TASK TO COMPLETE | The response should consist only of the lines from the one with "KOKO DIE, Marlea" to the end of the data below, copied exactly and without pictures.

DATA PROVIDED |
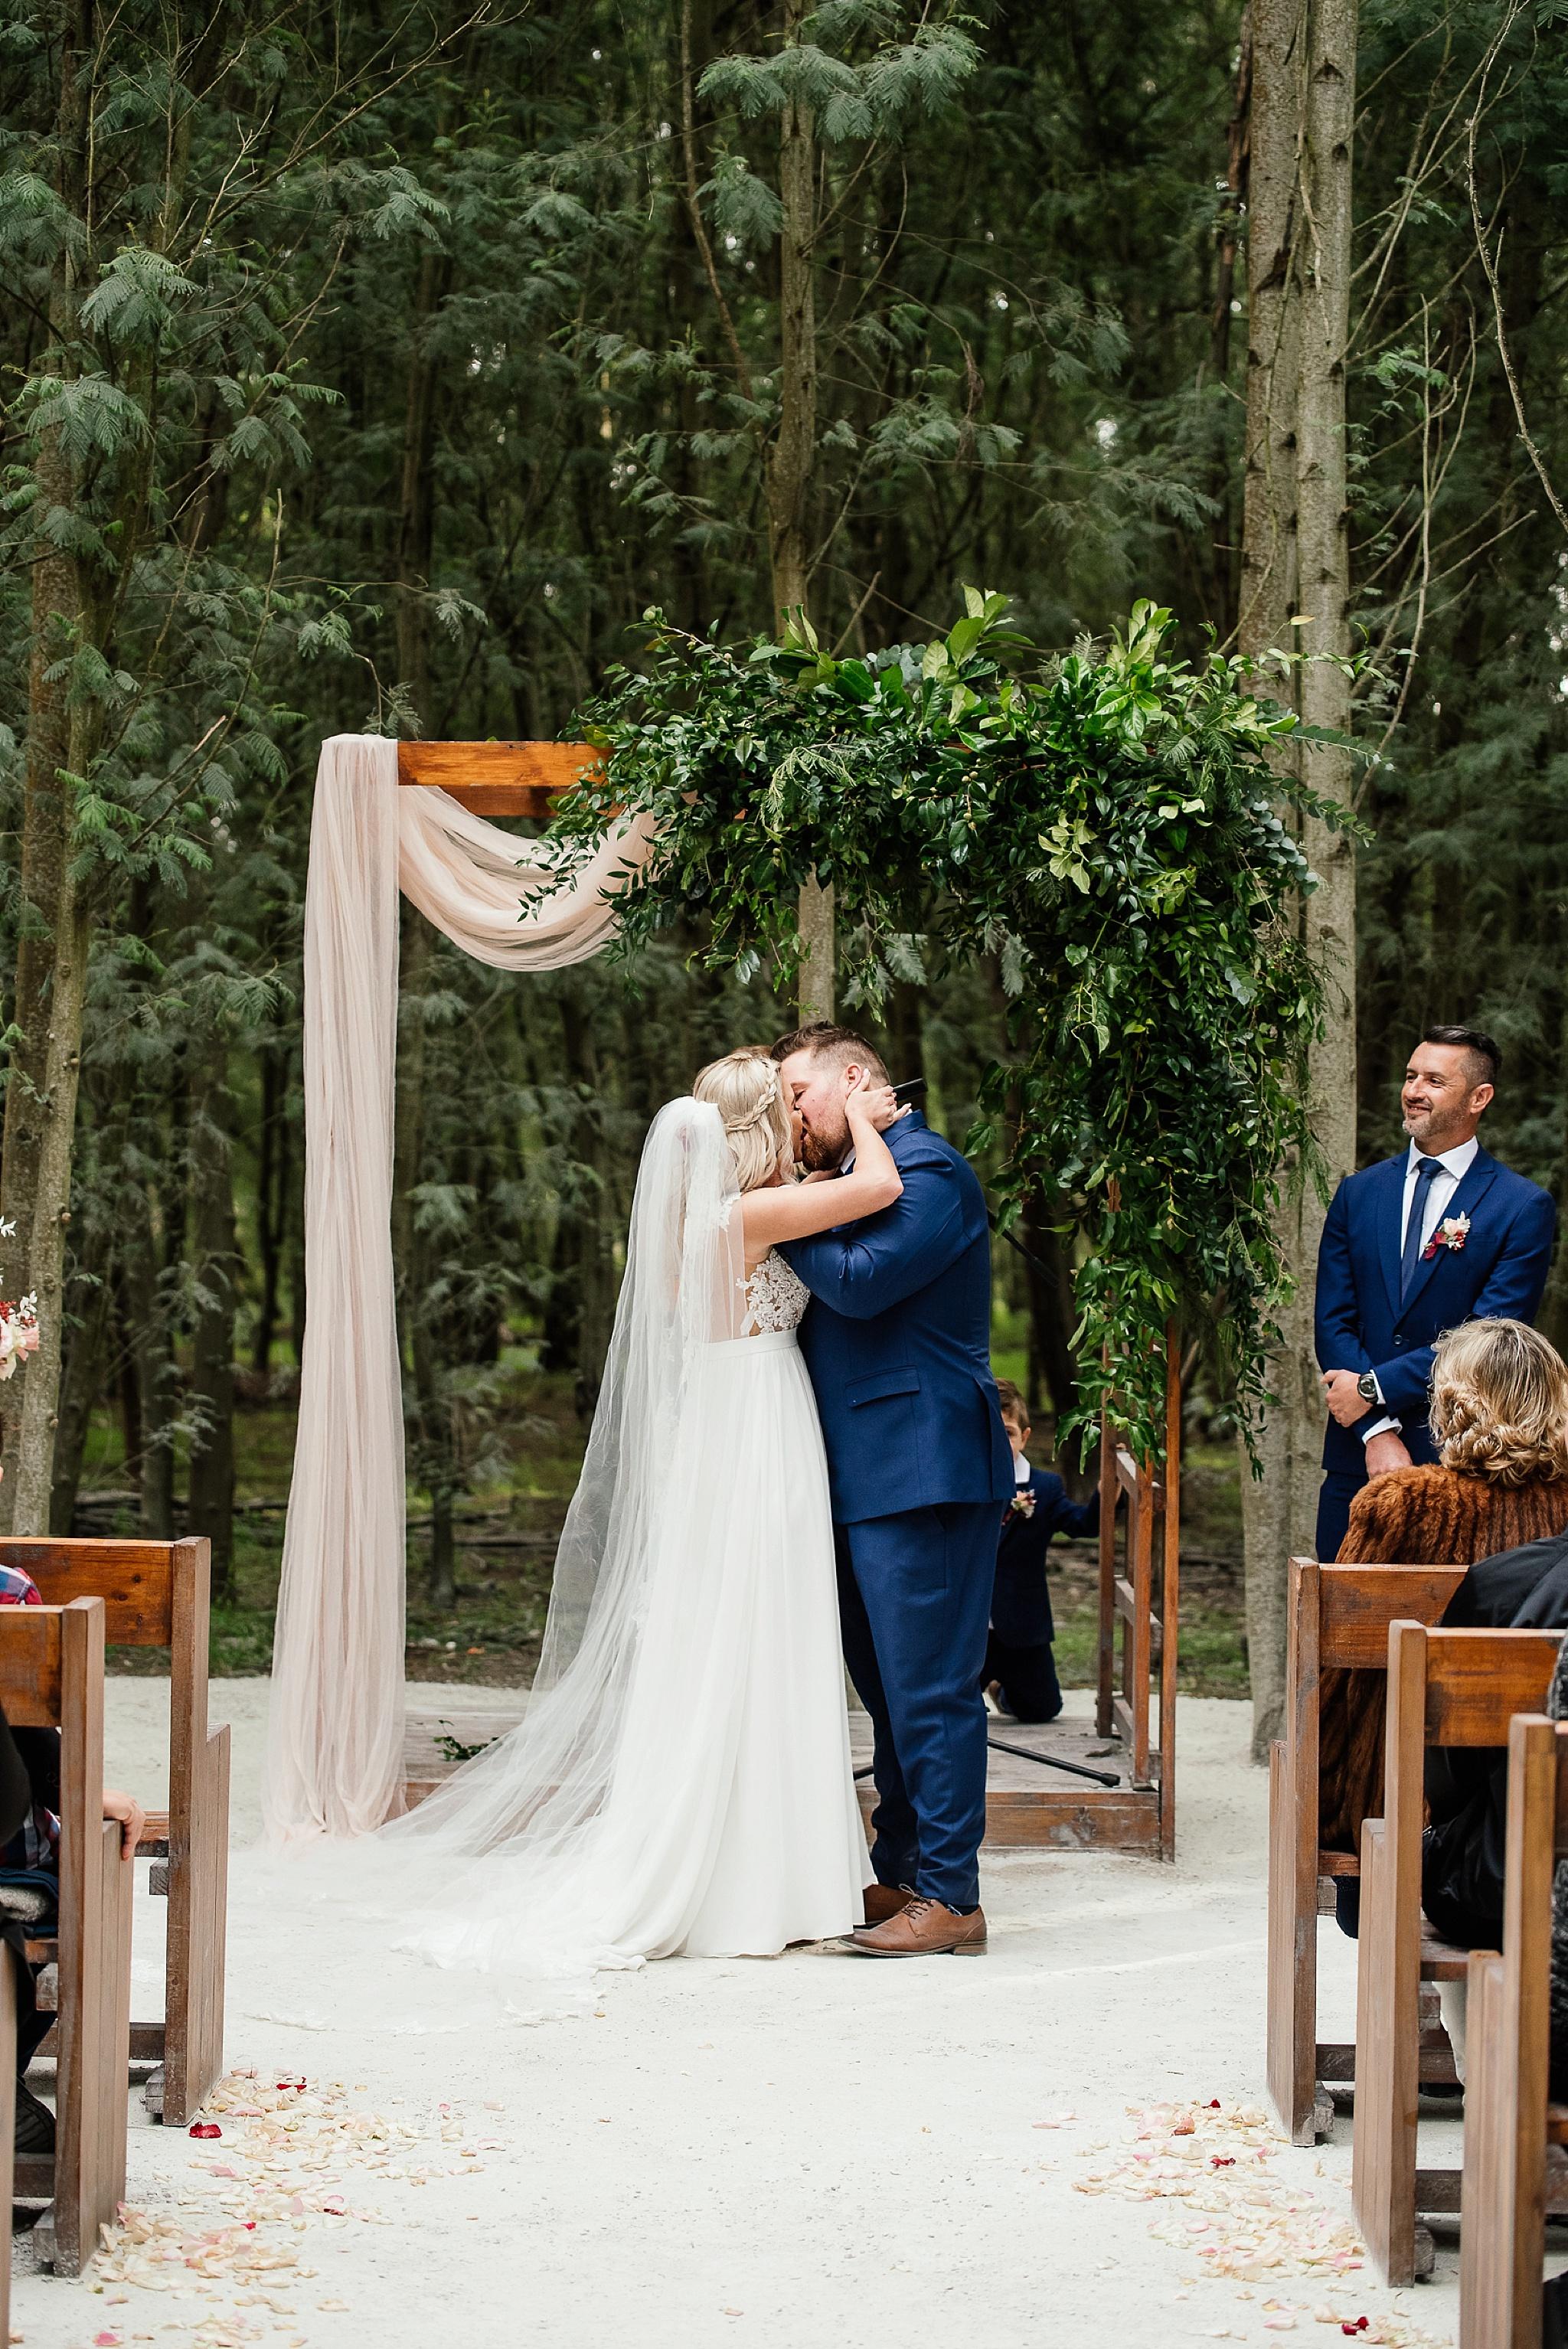 Cape Town Photographer Darren Bester - Die Woud Wedding - Gareth & Roxanne_0023.jpg
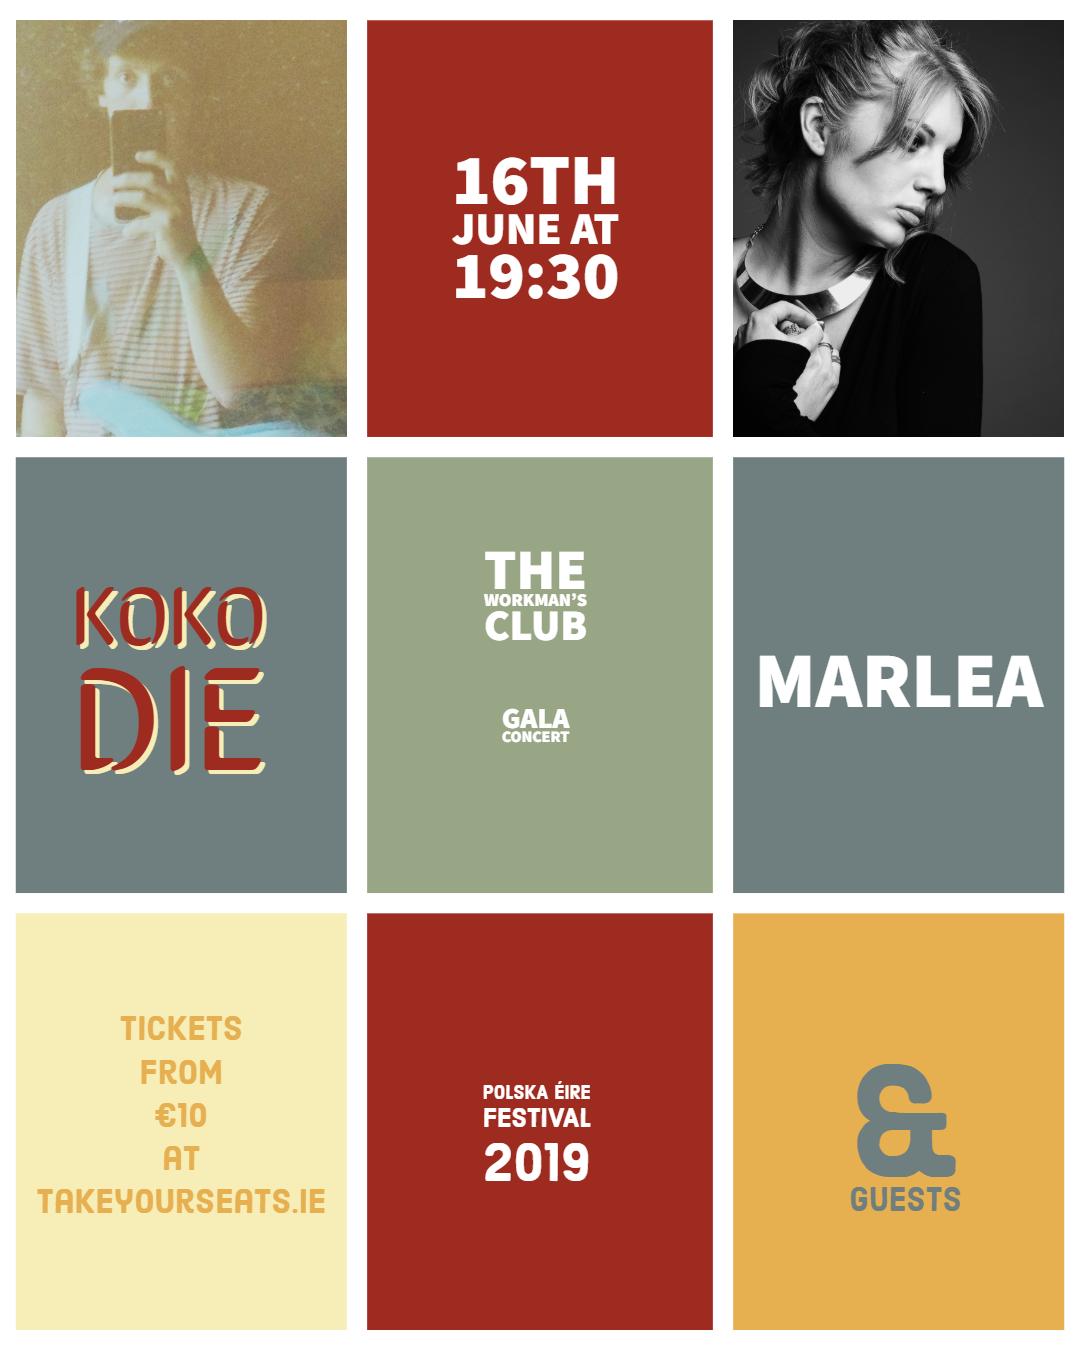 KOKO DIE, Marlea + GUESTS - Koncert Finałowy PolskaÉire Festival 2019
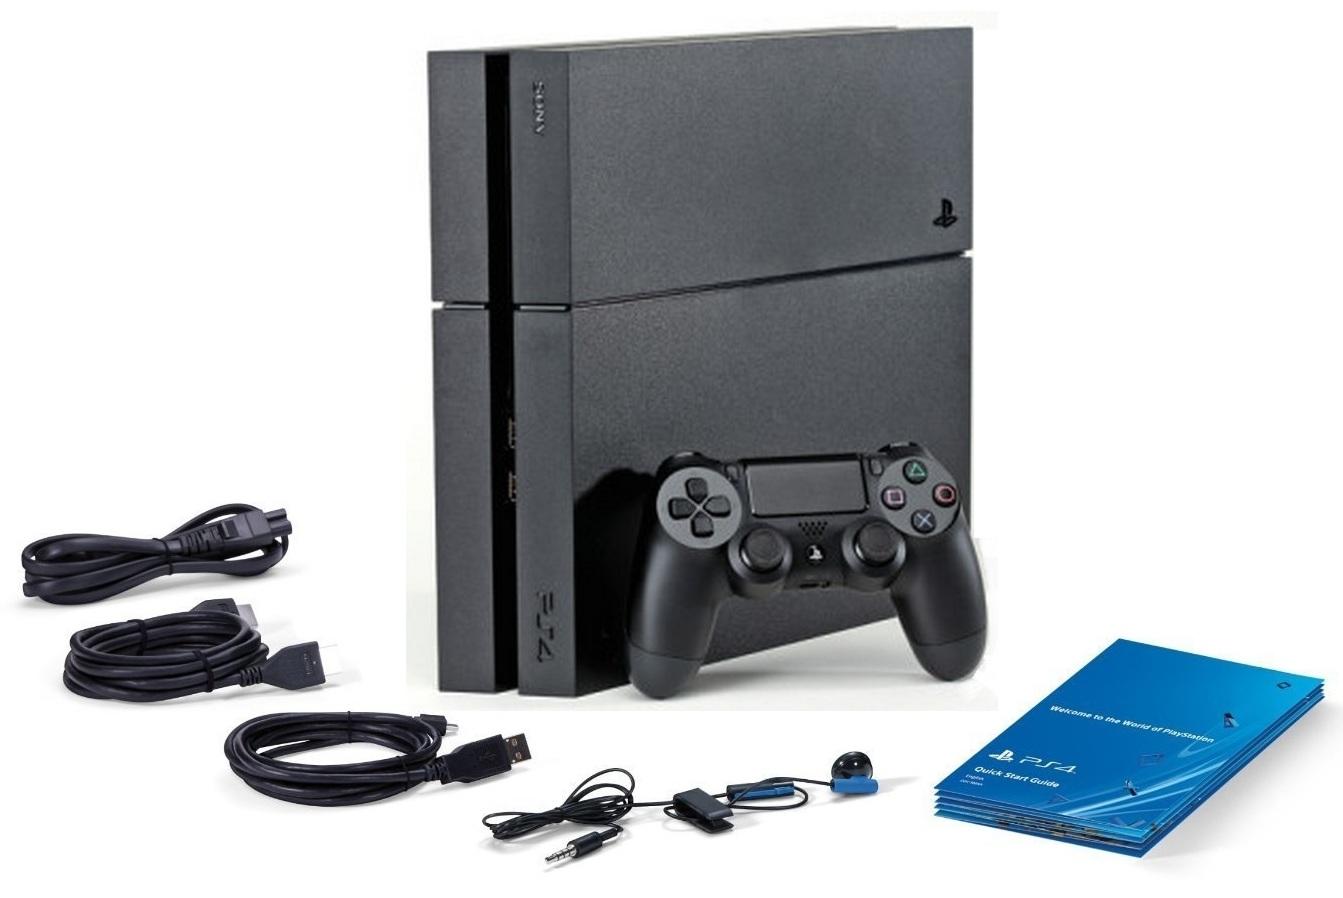 PS4 contents

EXERCISE RESPONSE |
 KOKO DIE, Marlea + GUESTS - Koncert Finałowy PolskaÉire Festival 2019
 PS4 contents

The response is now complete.